Open Table of contents

Symptoms and Initial Investigation

The service: a transaction processing API, ~200 req/s, Node.js 18, Express, PostgreSQL (pg pool), Redis (ioredis).

Symptoms:

Initial checks:

Terminal window
# Check current memory
curl http://localhost:3000/health | jq '.memory'
# {"heapUsed": 890MB, "heapTotal": 1100MB, "rss": 2100MB, "external": 850MB}
# heapUsed is extremely high — objects accumulating on the V8 heap
# The gap between heapUsed and rss includes V8 overhead and native allocations

The high heapUsed (890MB) pointed toward JavaScript objects accumulating — likely Maps, closures, or cached data holding references to request/response bodies.

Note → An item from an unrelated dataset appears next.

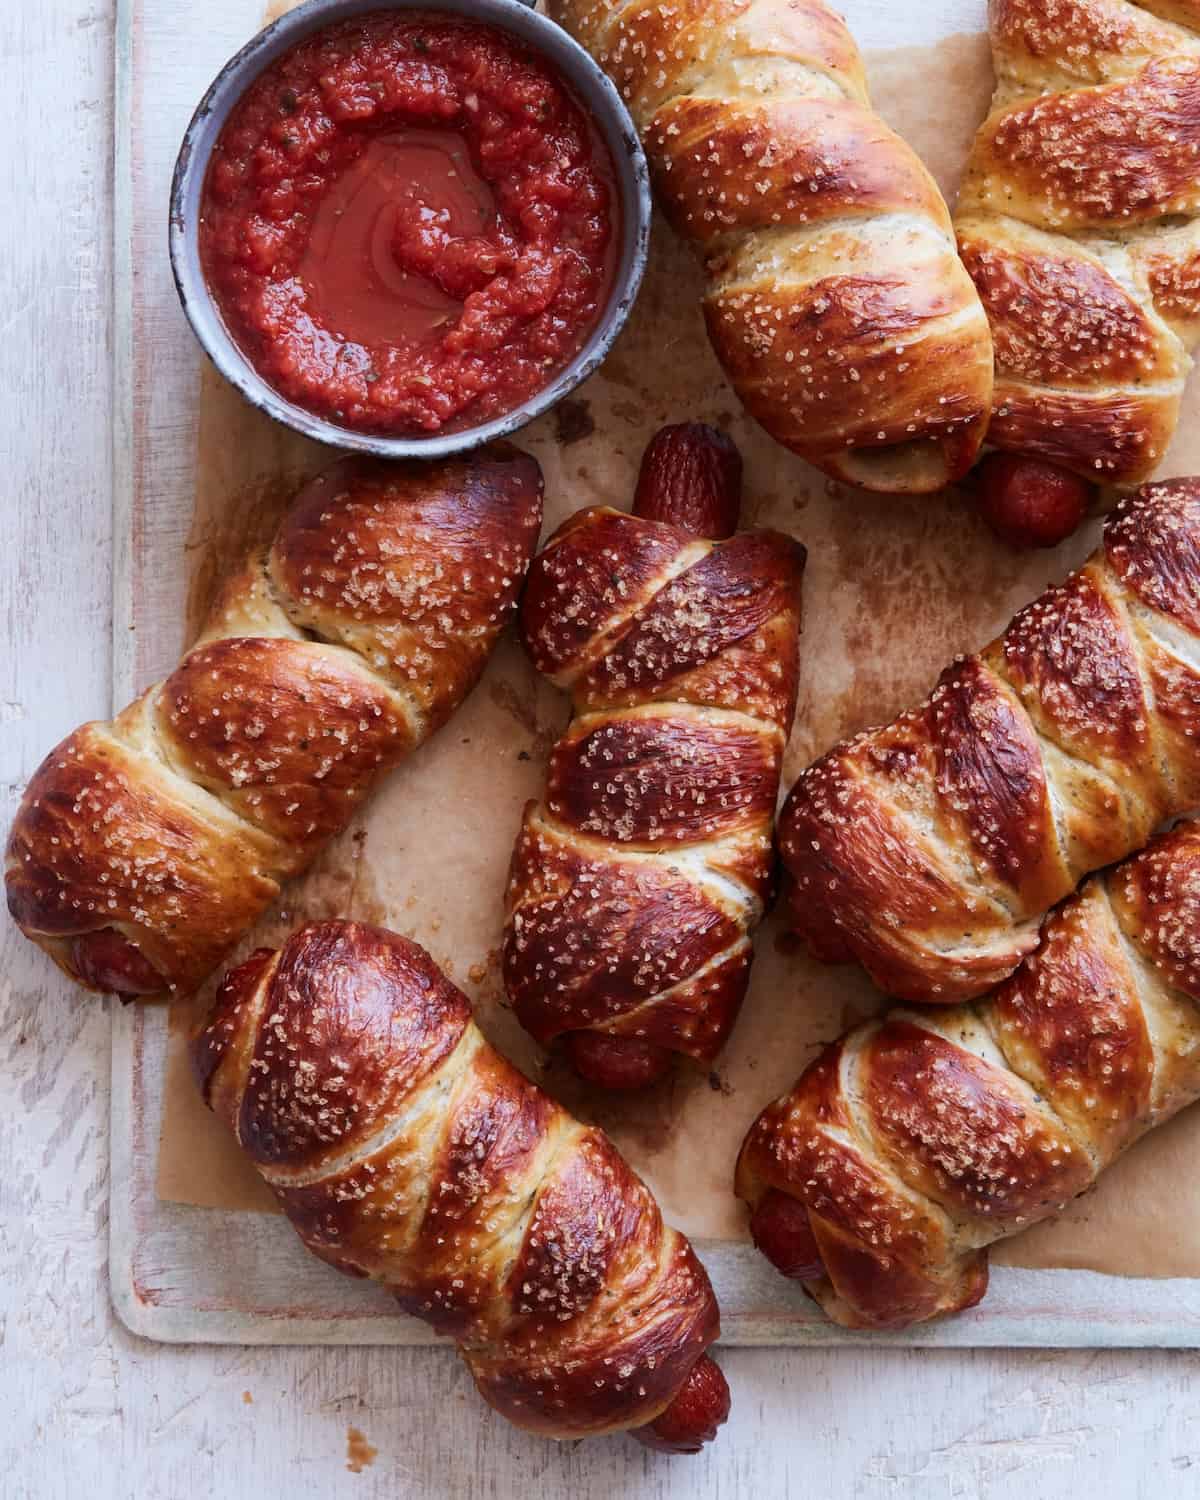 Seven pretzel dogs and a small bowl of marinara sauce for dipping placed on a parchment paper lined board.
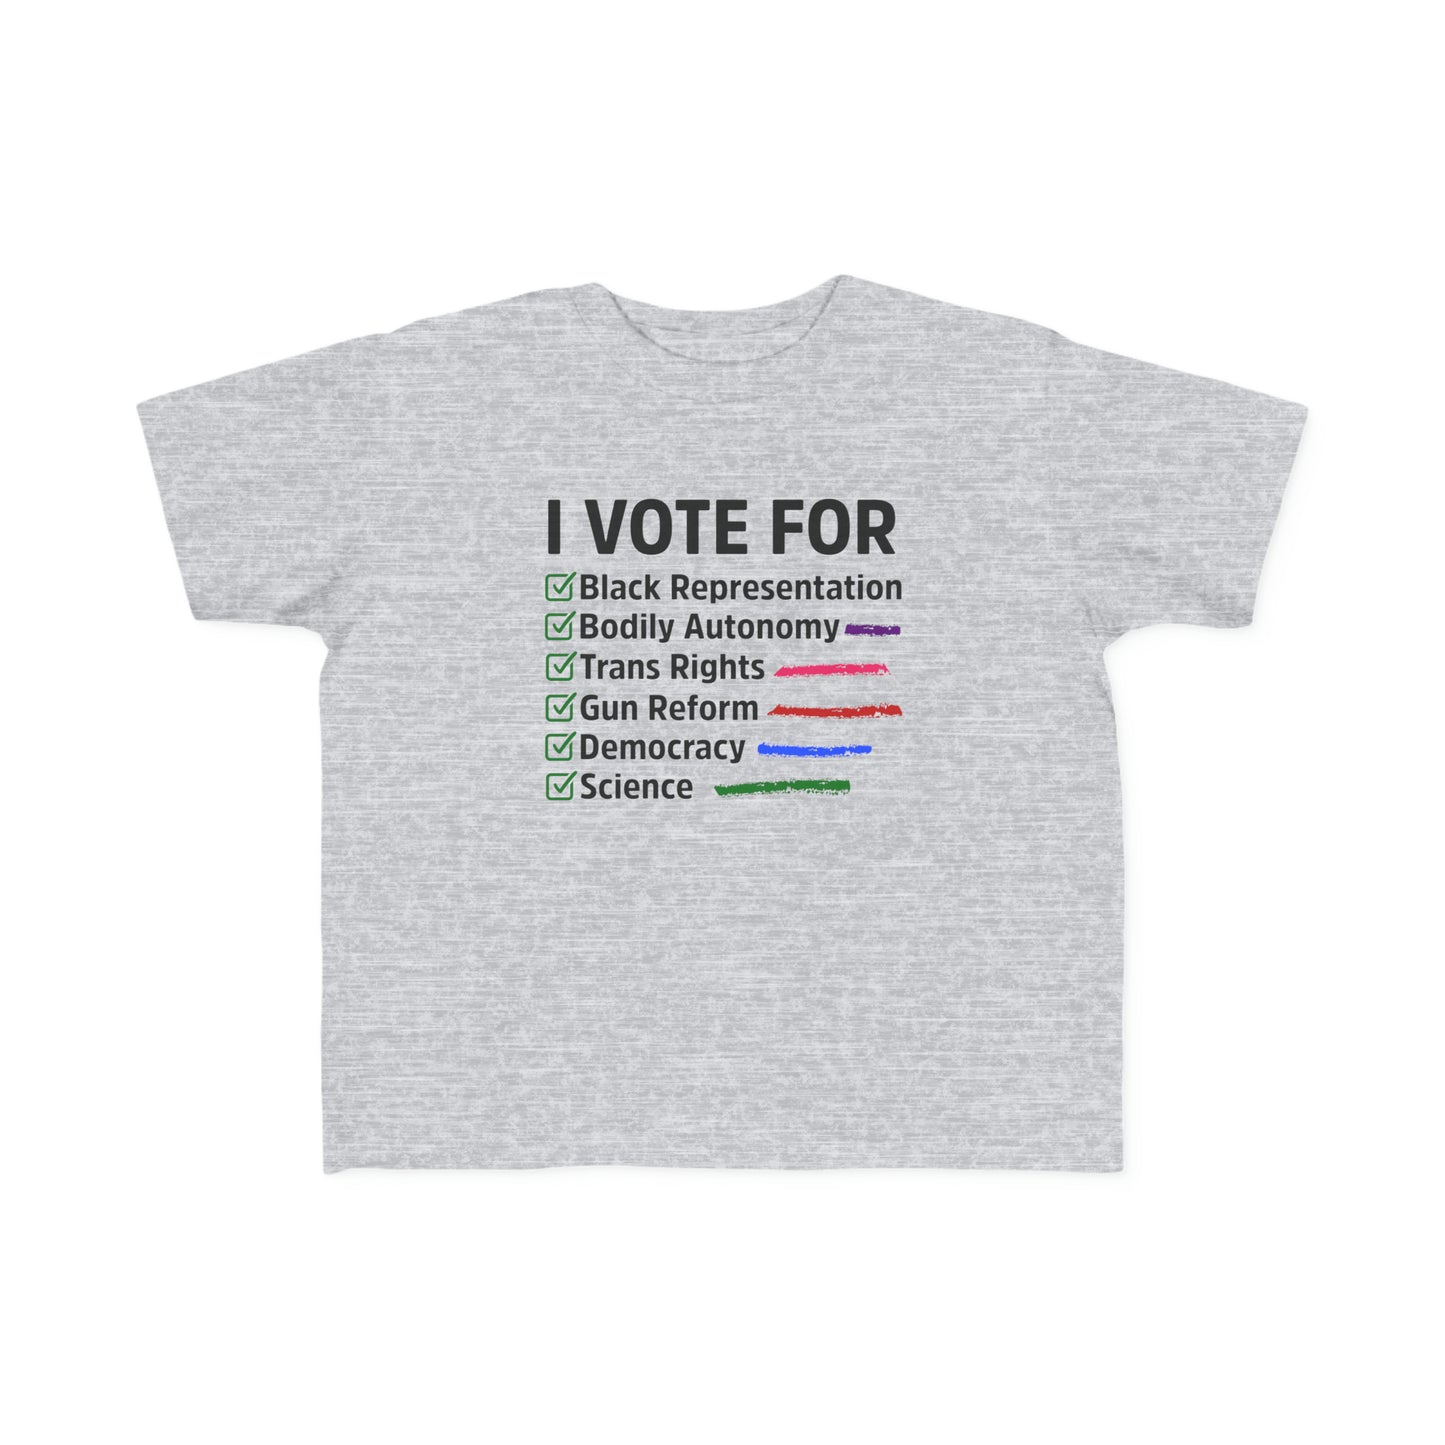 “I Vote For” Toddler's Tee

Step 1: Taking Heap Snapshots

// Add to your Express app temporarily
const { writeHeapSnapshot } = require('v8');
app.get('/debug/heap-snapshot', (req, res) => {
const filename = writeHeapSnapshot(); // writes to CWD
res.json({ filename });
});

The three-snapshot technique:

  1. Snapshot 1: After startup (baseline)
  2. Snapshot 2: After some load (5-10 minutes)
  3. Snapshot 3: After more load (same interval)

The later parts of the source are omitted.